A substantial body of literature has suggested that exercise has a significant effect on preventing and treating a wide range of diseases. It has been found that exercise can alter various neurotransmitters’ activities and activate some of pathways, which are activated by morphine or other opiates; and also affects the reward system by releasing various mediators (15). Numerous experimental and clinical studies have demonstrated that chronic regular exercise can activate the central opioid system and cause increased release of endogenous opioid peptides and increase pain threshold in human and animals (16, 17). On a related note, exercise can influence the brain’s pleasure center through opioid systems and releasing neurotransmitters (18), and lead to secretion of specific neurotransmitters, which relieve mental and physical pain (19). Moreover, the brain can generate endogenous opioid-like compounds. The factors that increase these compounds in the brain will have the same effects as morphine and other opioid receptor agonists (20-22). Exercise increases the pain threshold by releasing androgen opioid peptides, especially Beta-endorphin (23-25). It is important to note that exercise can counteract the reduction in catecholamine’s production (dopamine, serotonin, and norepinephrine) following drug abuse. Therefore, exercise is considered as an effective treatment for drug abuse (23, 26).
In general, physical activity attenuates morphine dependence.
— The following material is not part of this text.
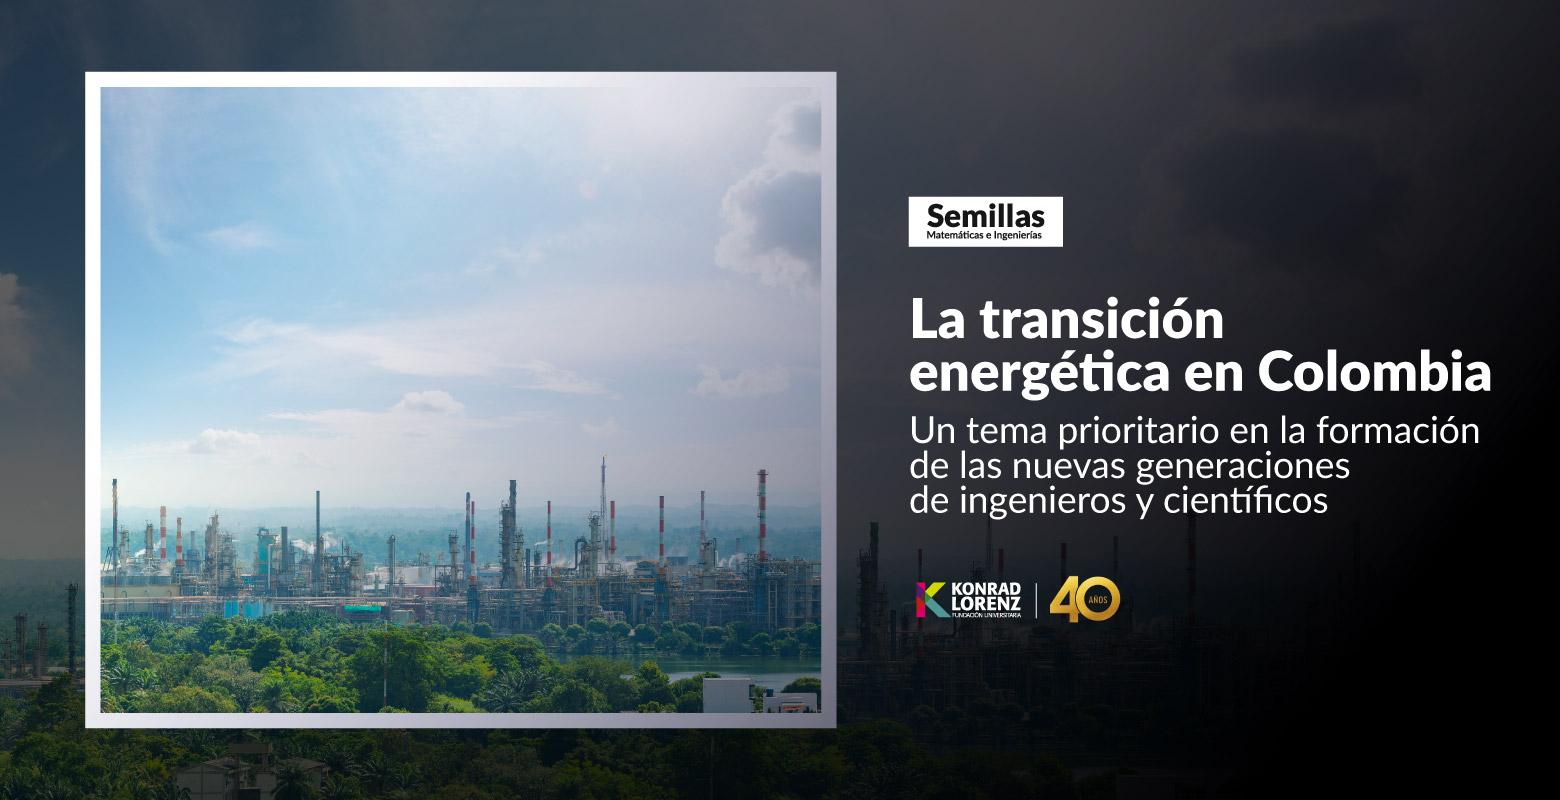 La transición energética en Colombia
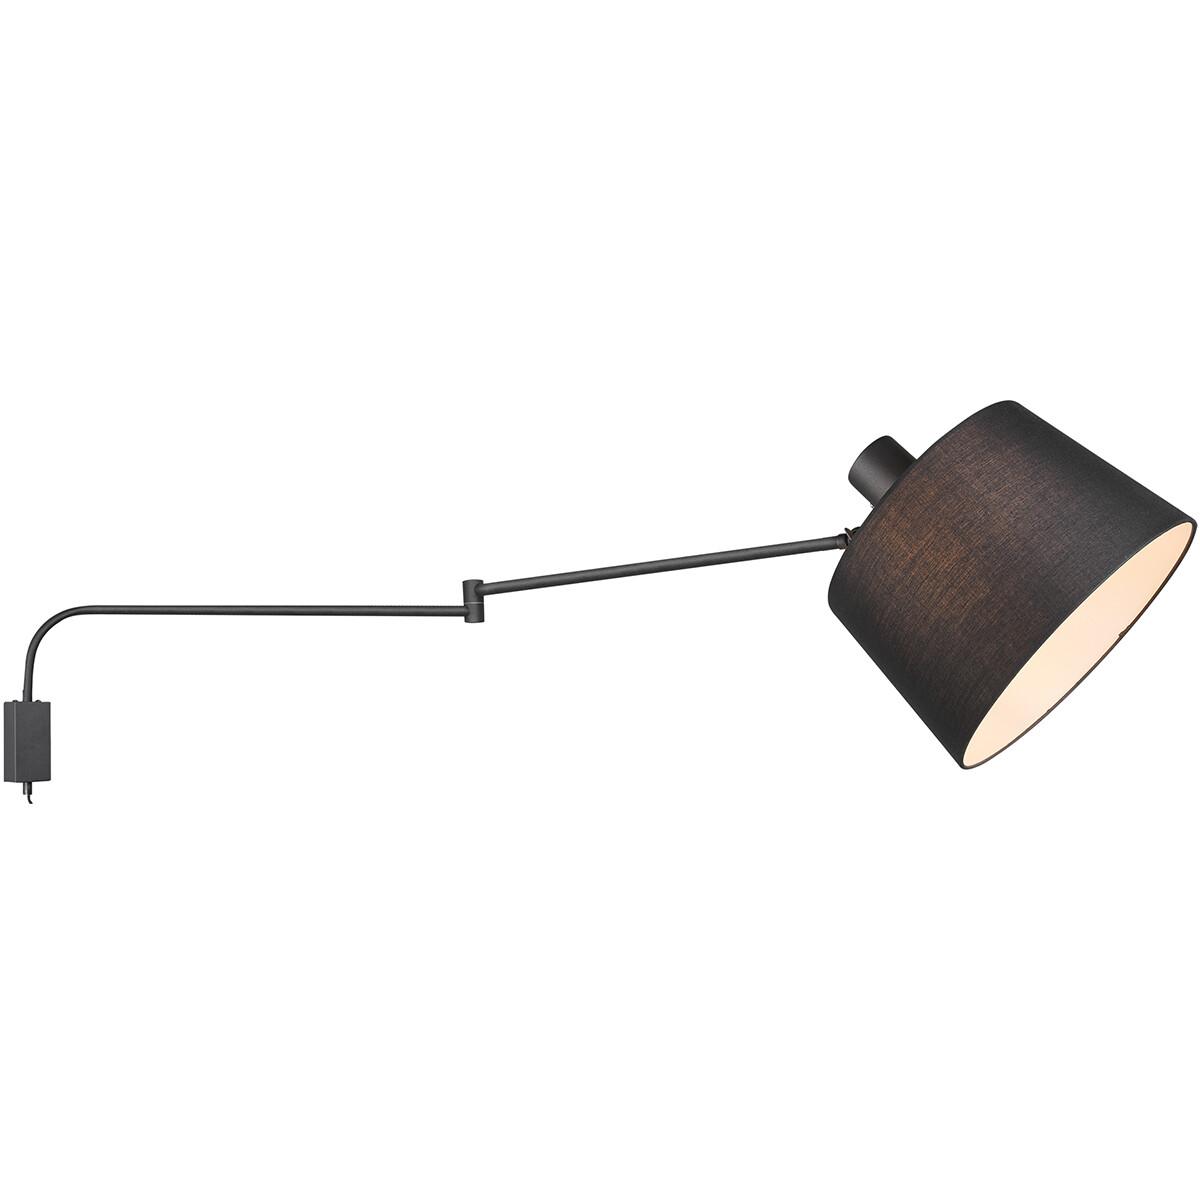 LED Wandlamp - Wandverlichting - Trion Badi - E27 Fitting - Rond - Mat Zwart - Aluminium

Therefore, this natural reward system can replace other approaches to medication for addictive disorders (4) or use a prevention method to drug addiction (27). Exercise can be voluntary or compulsory, voluntary exercise causes no stress in animals and prevents negative effects of corticosterone on other neuronal circuit (28). Animal voluntary exercise is similar to that of human beings because in this type of exercise animals are able to regulate running speed, time, and distance (29). Moreover, stress has a significant effect on the relapse in both human and rodent models (7). More broadly, there are identified molecular mechanisms regarding the effect of voluntary exercise, which include its positive impact on enhancing neurogenesis, dendritic spines and presynaptic vesicles development, gene expression involved in synaptic plasticity in hippocampus and other brain region, increase in Long-term potentiation (LTP), and BDNF level (30). On the other hand, previous findings indicate that short-term compulsory exercise increases dependence symptoms following naloxone injection and decreases dependence symptoms in addicted animals (4).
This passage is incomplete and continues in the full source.